To really grasp how to apply TPL requires code. For the remainder of the article I'm going to walk through some sample TPL code that demonstrates how Task works with other TPL classes.

TPL Core and Sample Code

There are two namespaces that encapsulate many of the TPL classes: System.Threading.Tasks and System.Collections.Concurrent. Here is a list of some of the classes you'll find in the namespaces.

  • Task
  • TaskScheduler
  • TaskFactory
  • TaskCancelledException
  • BlockingCollection<T>

The code below taken from page 55 in the "Patterns of Parallel Programming" whitepaper on the Microsoft Parallel Computing web site; utilizes classes from each namespace.

static void ProcessFile(string inputPath, string outputPath)
{
    var inputLines = new BlockingCollection<string>();
    var processedLines = new BlockingCollection<string>();
    // Stage #1
    var readLines = Task.Factory.StartNew(() =>
    {
        try
        {
            foreach (var line in File.ReadLines(inputPath)) inputLines.Add(line);
        }
        finally { inputLines.CompleteAdding(); }
    });
    // Stage #2
    var processLines = Task.Factory.StartNew(() =>
    {
        try
        {
            foreach (var line in inputLines.GetConsumingEnumerable()
            .Select(line => Regex.Replace(line, @"\s+", ", ")))
            {
                processedLines.Add(line);
            }
        }
        finally { processedLines.CompleteAdding(); }
    });
    // Stage #3
    var writeLines = Task.Factory.StartNew(() =>
    {
        File.WriteAllLines(outputPath, processedLines.GetConsumingEnumerable());
    });
    Task.WaitAll(readLines, processLines, writeLines);
}

As you can see, this is an interesting piece of code. It looks sequential, yet the subject of this article is parallel computing. If you've seen or written multithreaded applications before, you're probably not used to seeing a program structured this way. TPL hides much of the ugliness you've seen in multithreaded and asynchronous code.

Now let's break down how this code executes. As promised earlier in the article, I'm starting with the role of the Task class.
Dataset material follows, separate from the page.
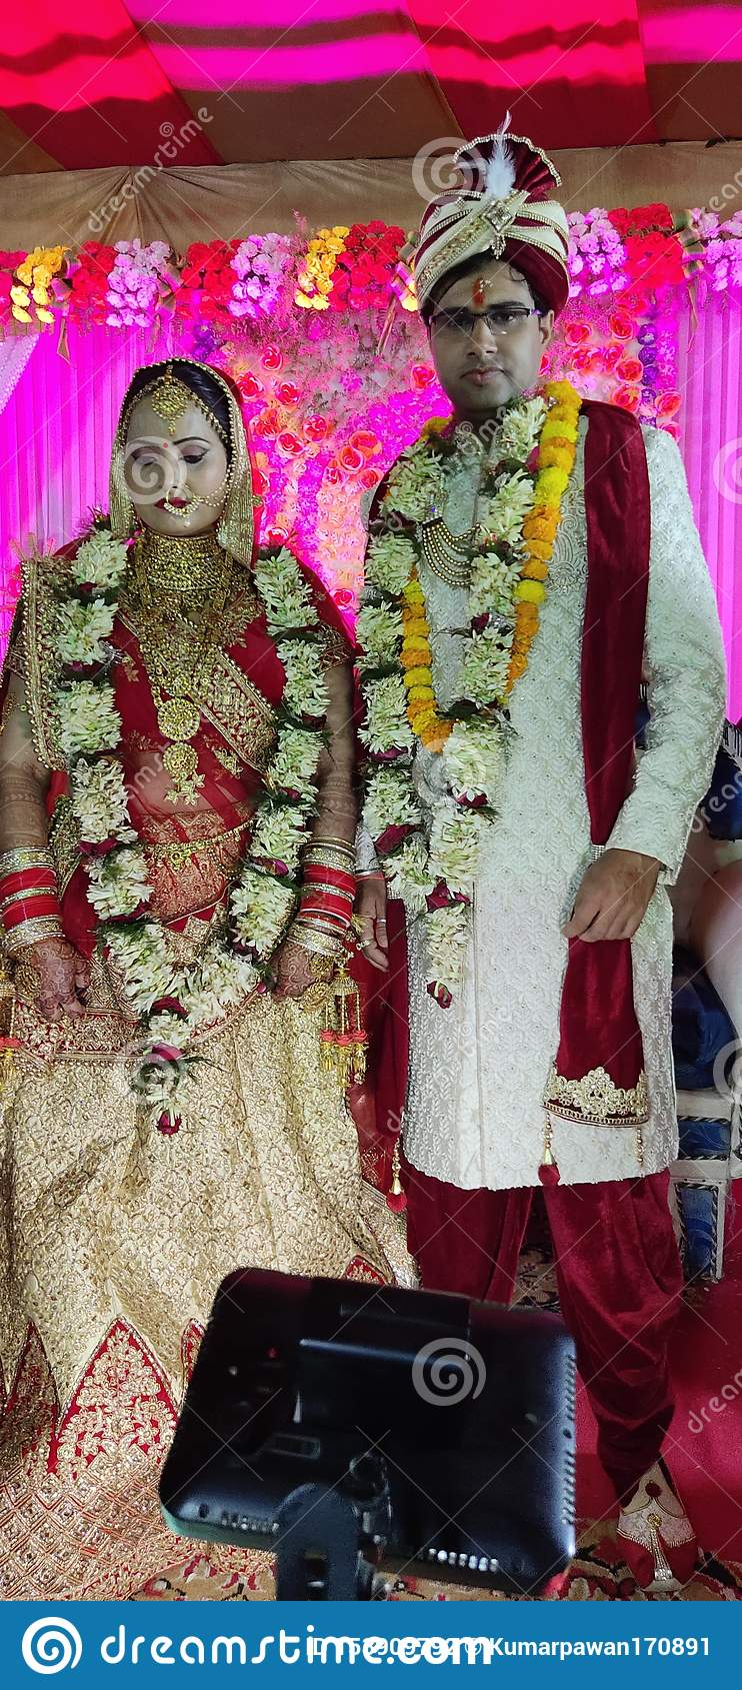 IMAGES DE MARIAGE, AMOUR, VARANASI, BEAU, INDIEN MARIAGE

Understanding Tasks in .NET Framework 4.0 Task Parallel Library

Tasks

A developer can "new" a Task or utilize a TaskFactory to instantiate a Task class. Tasks wrap an Action delegate's execution. Invoking interdependent Action delegates asynchronously requires some coordination. An Action delegate can execute asynchronously on the current thread or any number of other possible threads. So, instead of specifying the execution thread, a developer organizes the delegates (work), declares the interdependencies of the work, and let's a group of other TPL classes carry out the execution. Task class methods reveal groups of method overloads, each with a sort of execution coordination theme. Below are the groupings:

  • Start - instructs a Task to schedule the Action to begin execution
  • Wait - blocks until the Action completes execution and the Task receives notification that the Action has completed.
  • WaitAll - works similar to a Wait, but blocks on a collection of Tasks, waiting for all Tasks to complete
  • WaitAny - works similar to a Wait, but blocks until one of the Tasks in the collection completes.
  • ContinueWith - executes another Task when a Task receives notification that an Action has completed, allows a developer to chain dependent Tasks together. Some of the documentation on this calls it a Continuation.
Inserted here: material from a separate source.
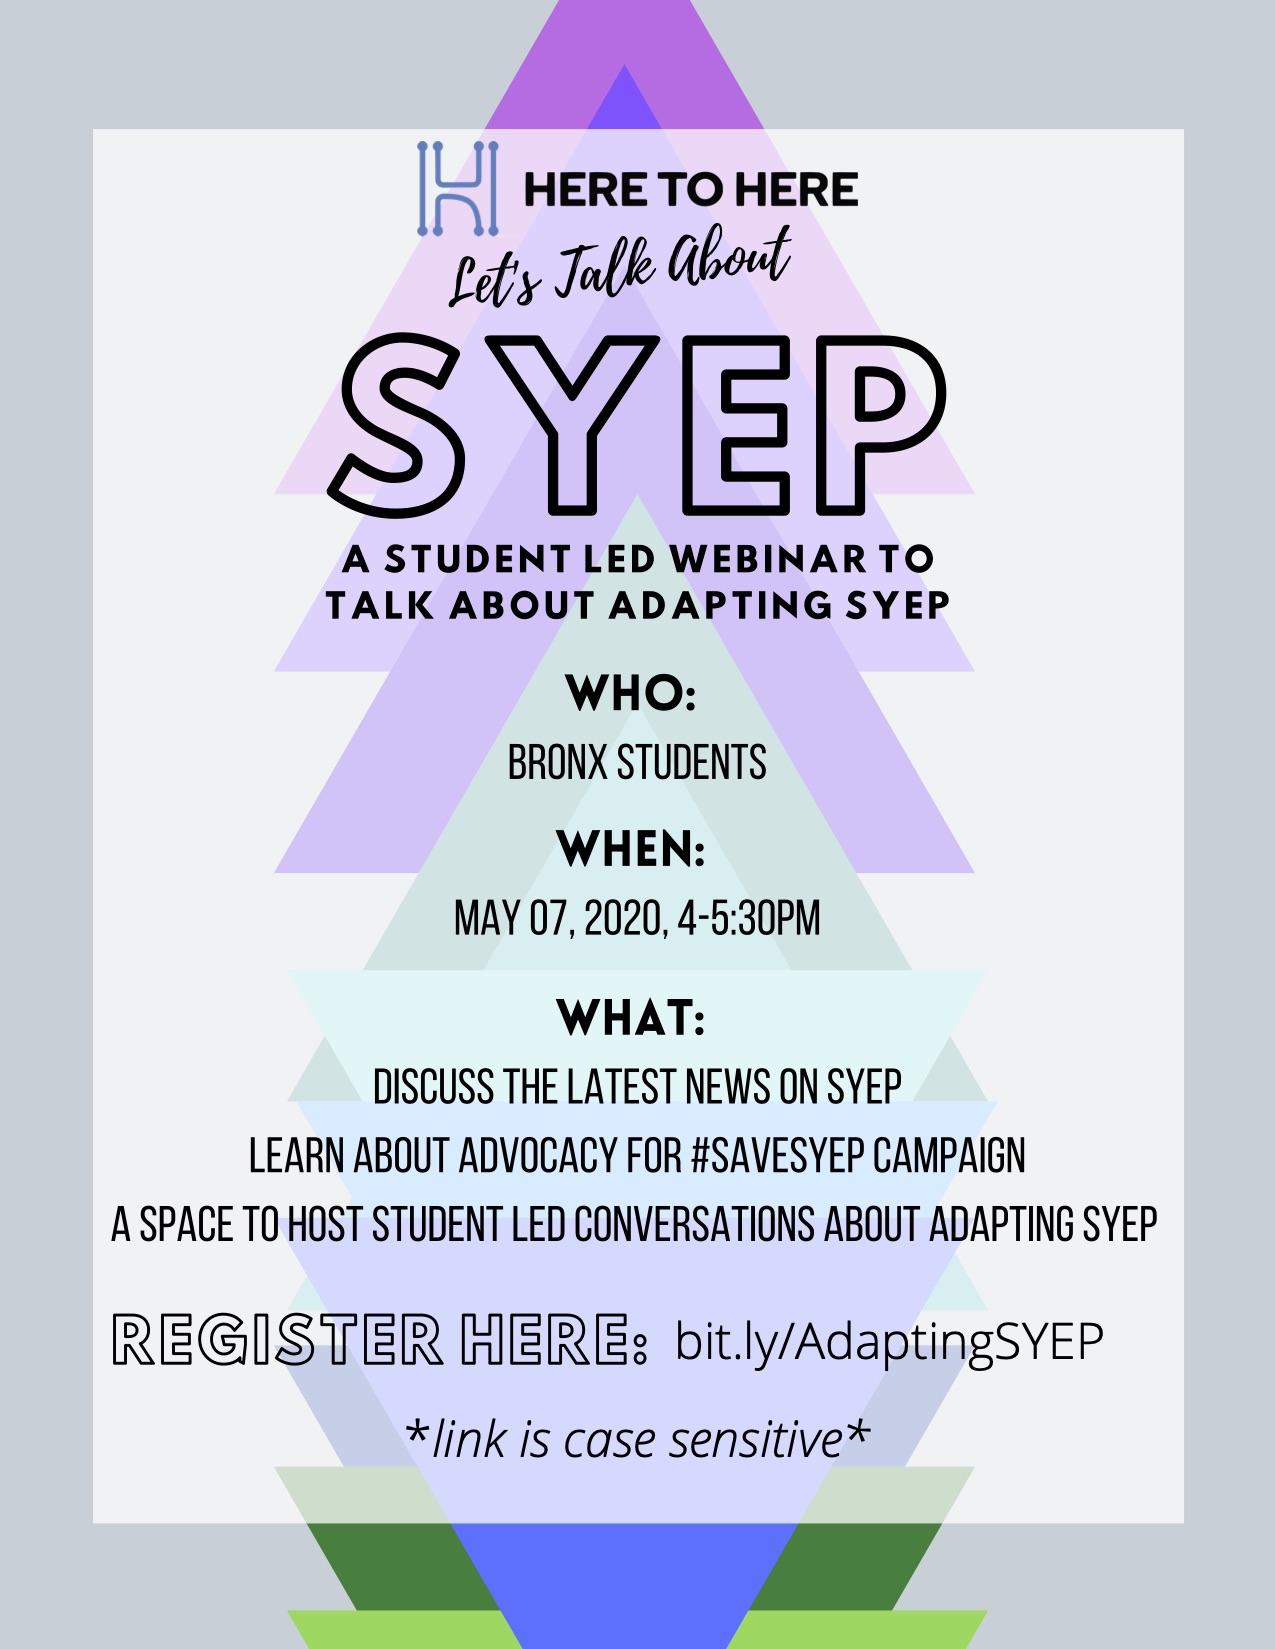 SYEP webinar flyer

Task creation and execution is in the example appears below:

    var readLines = Task.Factory.StartNew(() =>
    {
        try
        {
            foreach (var line in File.ReadLines(inputPath)) inputLines.Add(line);
        }
        finally { inputLines.CompleteAdding(); }
    });

The example utilizes a TaskFactory. TaskFactory simplifies creating Tasks that follow a particular convention. In the example, the selected TaskFactory convention is to create a new Task with the default TaskScheduler and call the Task Start method.

A TaskScheduler manages queuing Tasks to run on a set of Threads. TaskScheduler works a lot like the ThreadPool, only developers can create their own TaskScheduler to handle different types of coordination or workloads and swap out the default for a custom TaskScheduler.

Example code also demonstrates using an anonymous method to improve readability.

Best of all though, the example demonstrates how a developer can compose interdependent delegates into Task objects and coordinate using concurrent-safe data structures to move execution from one Task to the next until the whole sample code completes.

BlockingCollection

Here is another copy of the sample code presented earlier in the article.

static void ProcessFile(string inputPath, string outputPath)
{
    var inputLines = new BlockingCollection<string>();
    var processedLines = new BlockingCollection<string>();
    // Stage #1
    var readLines = Task.Factory.StartNew(() =>
    {
        try
        {
            foreach (var line in File.ReadLines(inputPath)) inputLines.Add(line);
        }
        finally { inputLines.CompleteAdding(); }
    });
    // Stage #2
    var processLines = Task.Factory.StartNew(() =>
    {
        try
        {
            foreach (var line in inputLines.GetConsumingEnumerable()
            .Select(line => Regex.Replace(line, @"\s+", ", ")))
            {
                processedLines.Add(line);
            }
        }
        finally { processedLines.CompleteAdding(); }
    });
    // Stage #3
    var writeLines = Task.Factory.StartNew(() =>
    {
        File.WriteAllLines(outputPath, processedLines.GetConsumingEnumerable());
    });
    Task.WaitAll(readLines, processLines, writeLines);
}

I think the role of Task is somewhat intuitive, but the role of BlockingCollection may be new to many .NET developers. The graphic below depicts how data flows from inputLines, into processedLines, and then is written to a file.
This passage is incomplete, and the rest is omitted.